Net income dropped to $112.3 million, or 35 cents a share, from $299.8 million, or 94 cents, a year earlier, the Charlotte, North Carolina-based company said today in a statement. Earnings excluding an impairment charge on an Italian joint venture and other items were 46 cents, trailing the 48-cent average of 20 estimates compiled by Bloomberg. Sales were little changed at $5.1 billion compared, exceeding the $5.06 billion average of 14 estimates.
Nucor said it expects a “modest reduction” in third-quarter earnings excluding one-time charges.
“Continued slow domestic growth, coupled with continued or worsening global economic uncertainty may both become increasing negative factors,” the company said in the statement. “The construction market continues to be very challenging.”

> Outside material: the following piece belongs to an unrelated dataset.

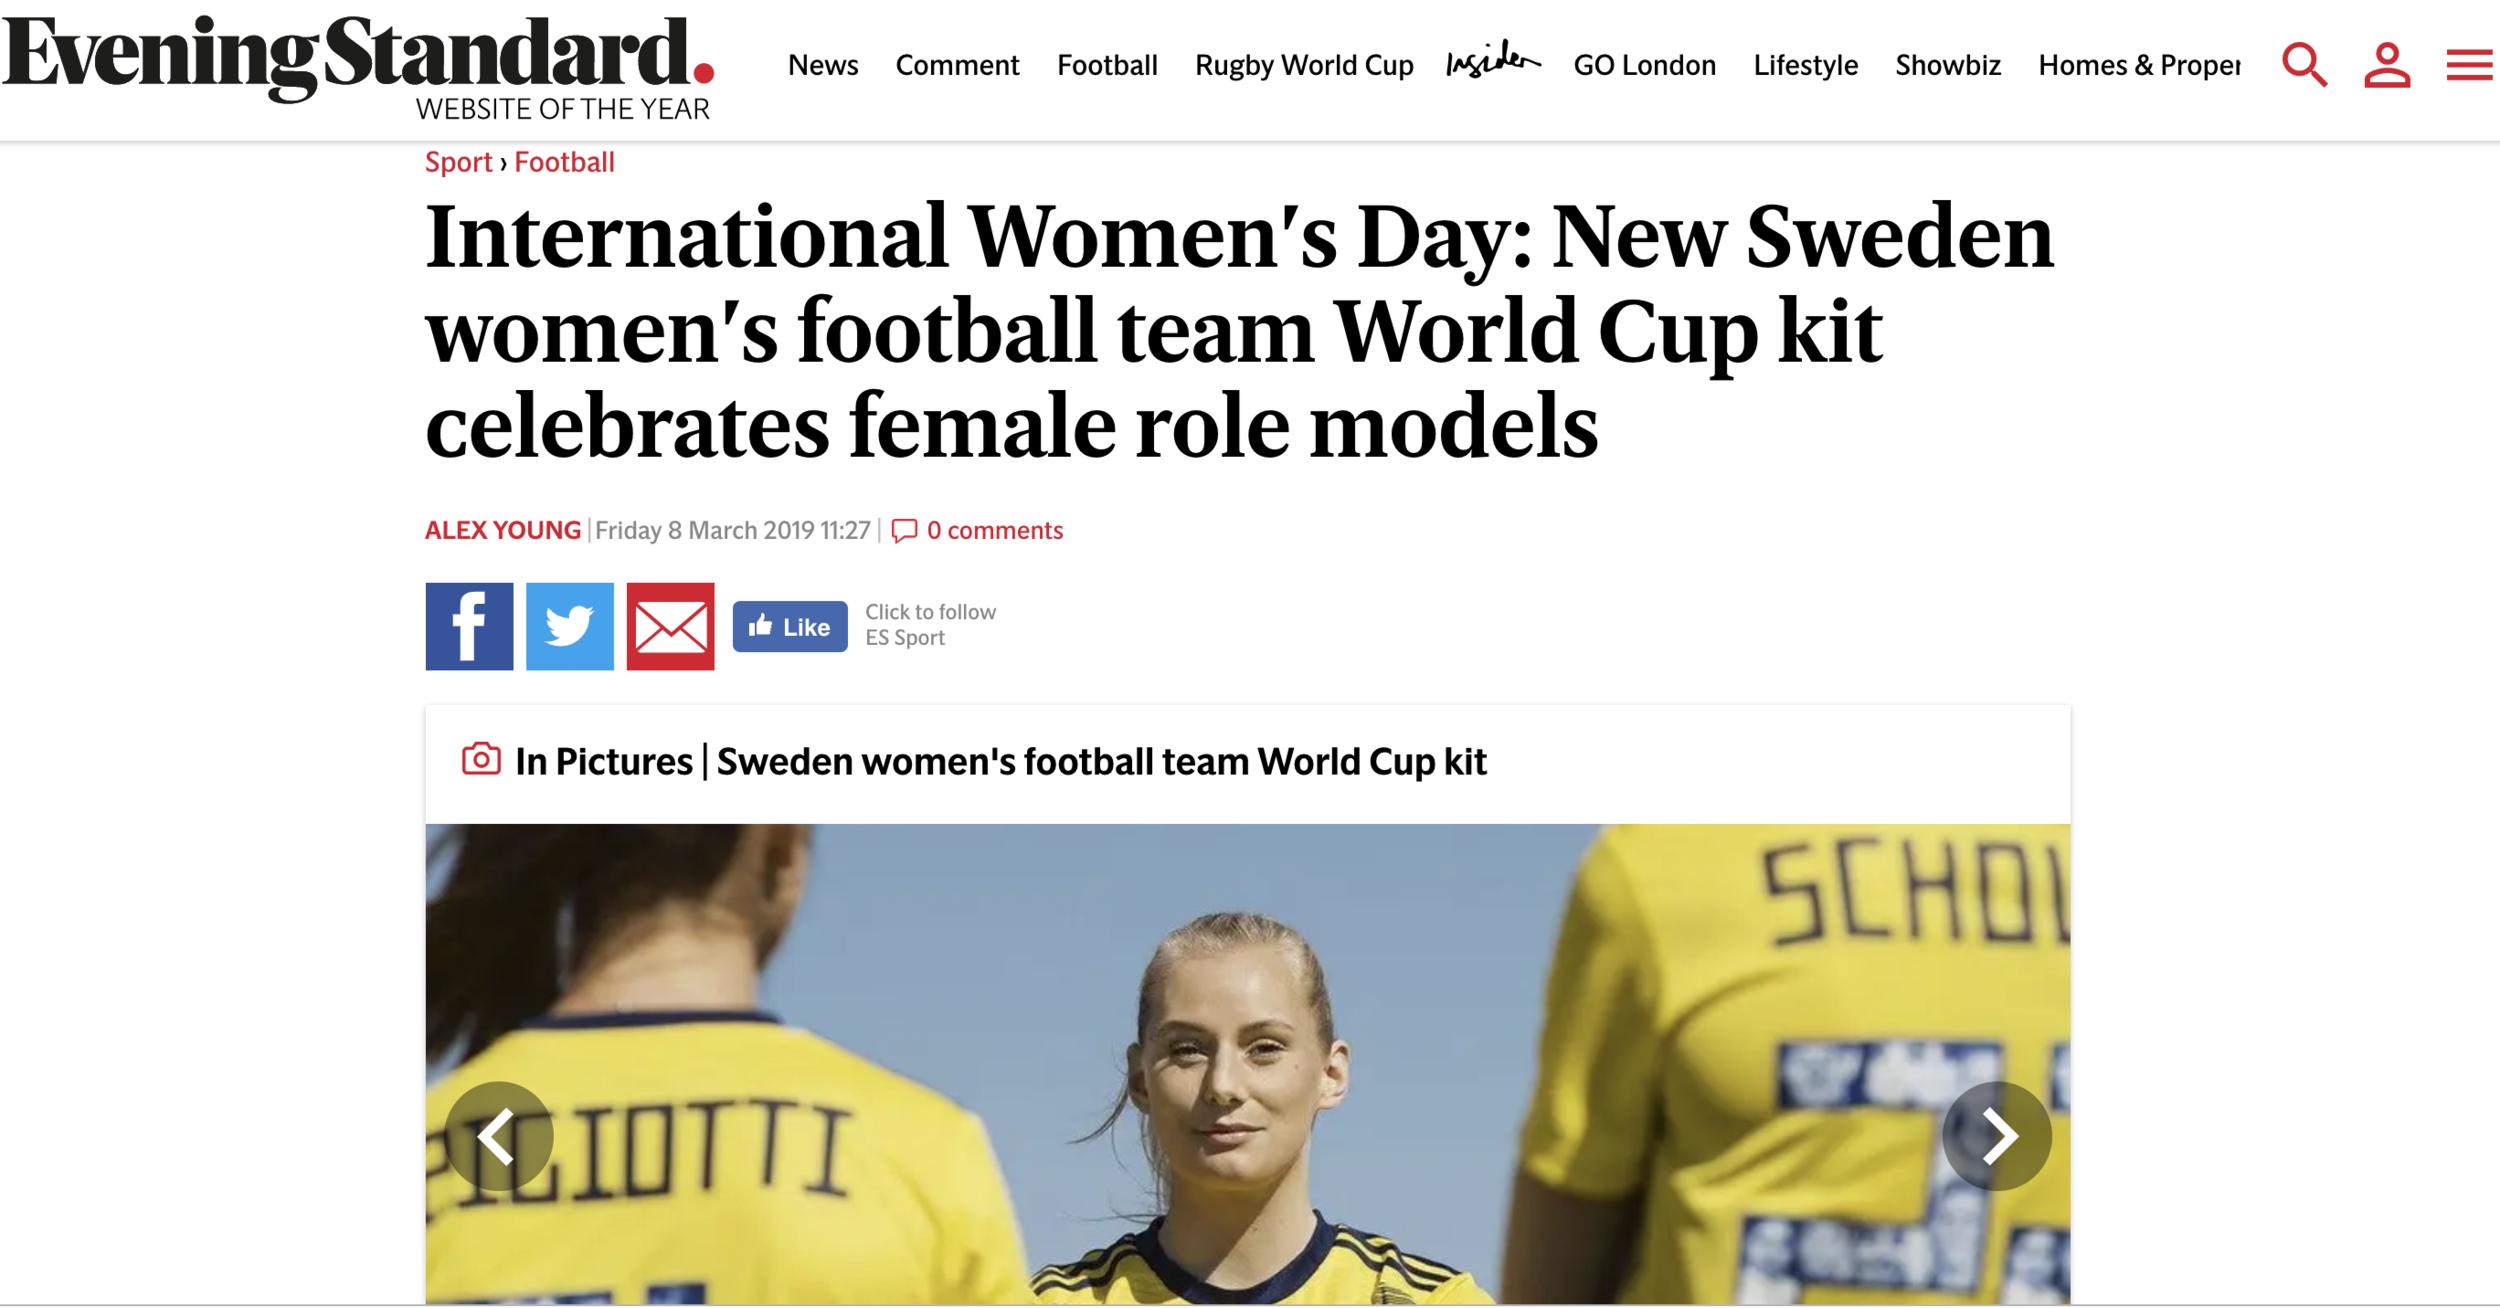 Evening Standard:  Sweden women's football team celebrates female role models
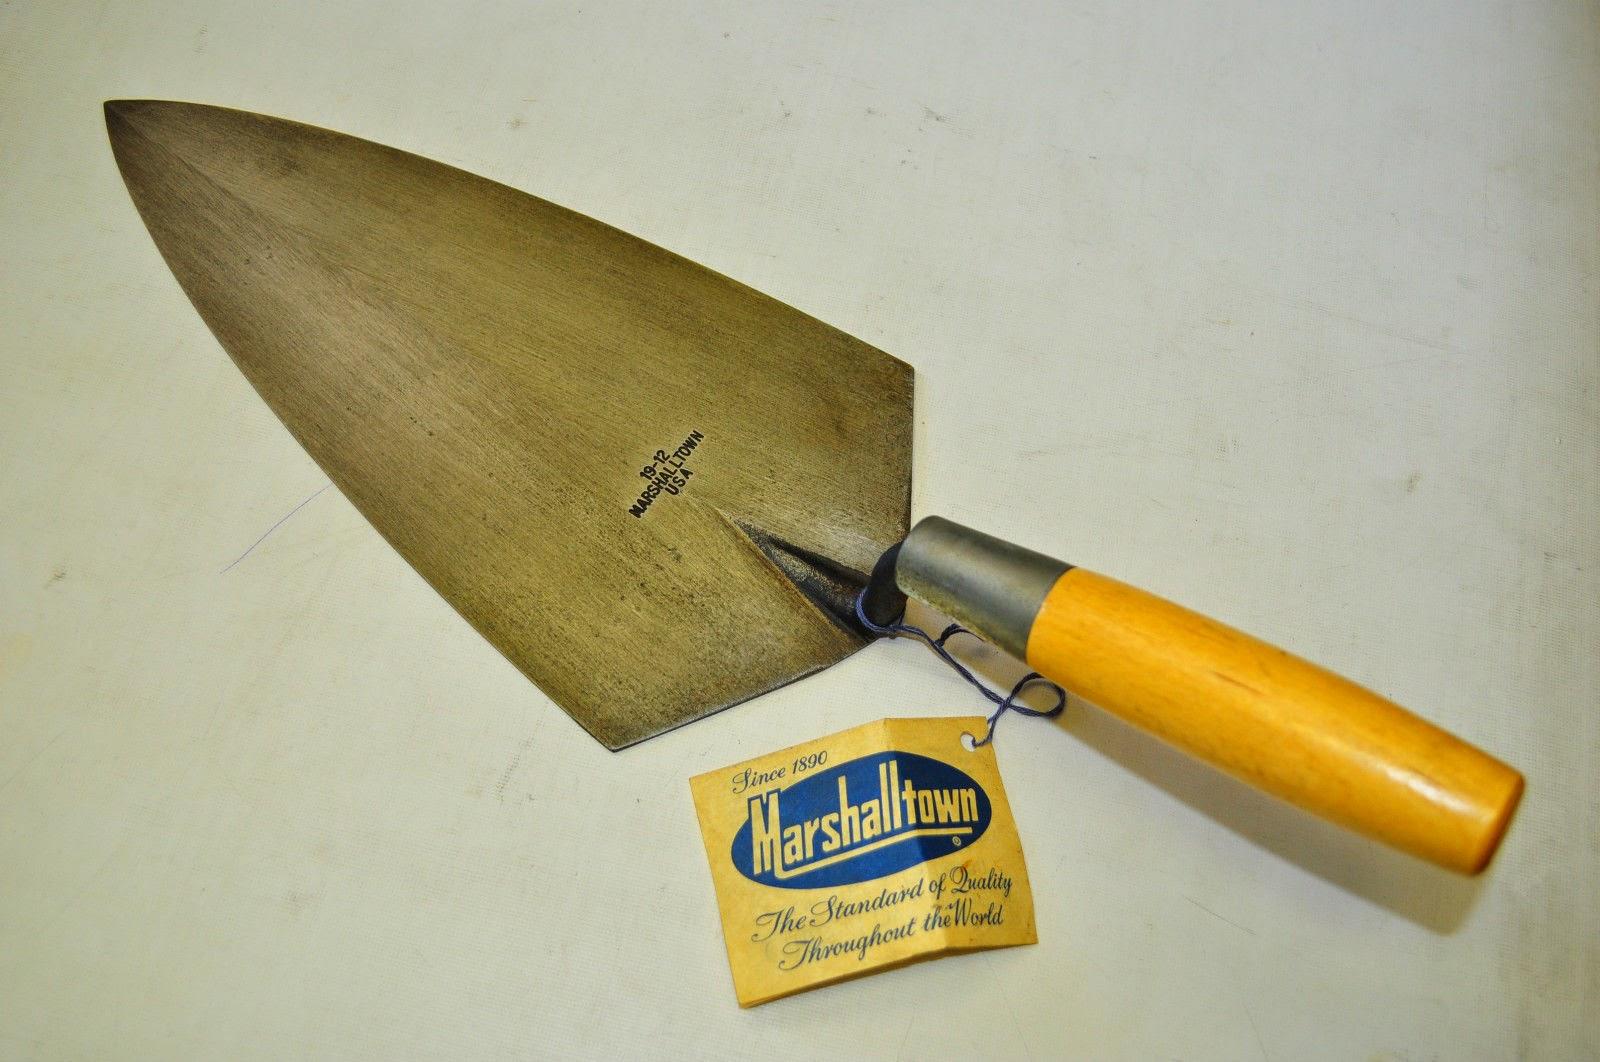 Marshalltown tools coupon code

The price of hot-rolled steel coil, a benchmark product used in autos and construction, averaged $658 a ton in the quarter, 20 percent less than a year earlier, according to Steel Business Briefing data. Nucor said June 13 that second-quarter profit would miss earlier guidance because a “surge” in imports undermined prices and political and economic uncertainty affected buyers’ confidence.
Nucor dropped 1.2 percent to $38.23 at the close in New York.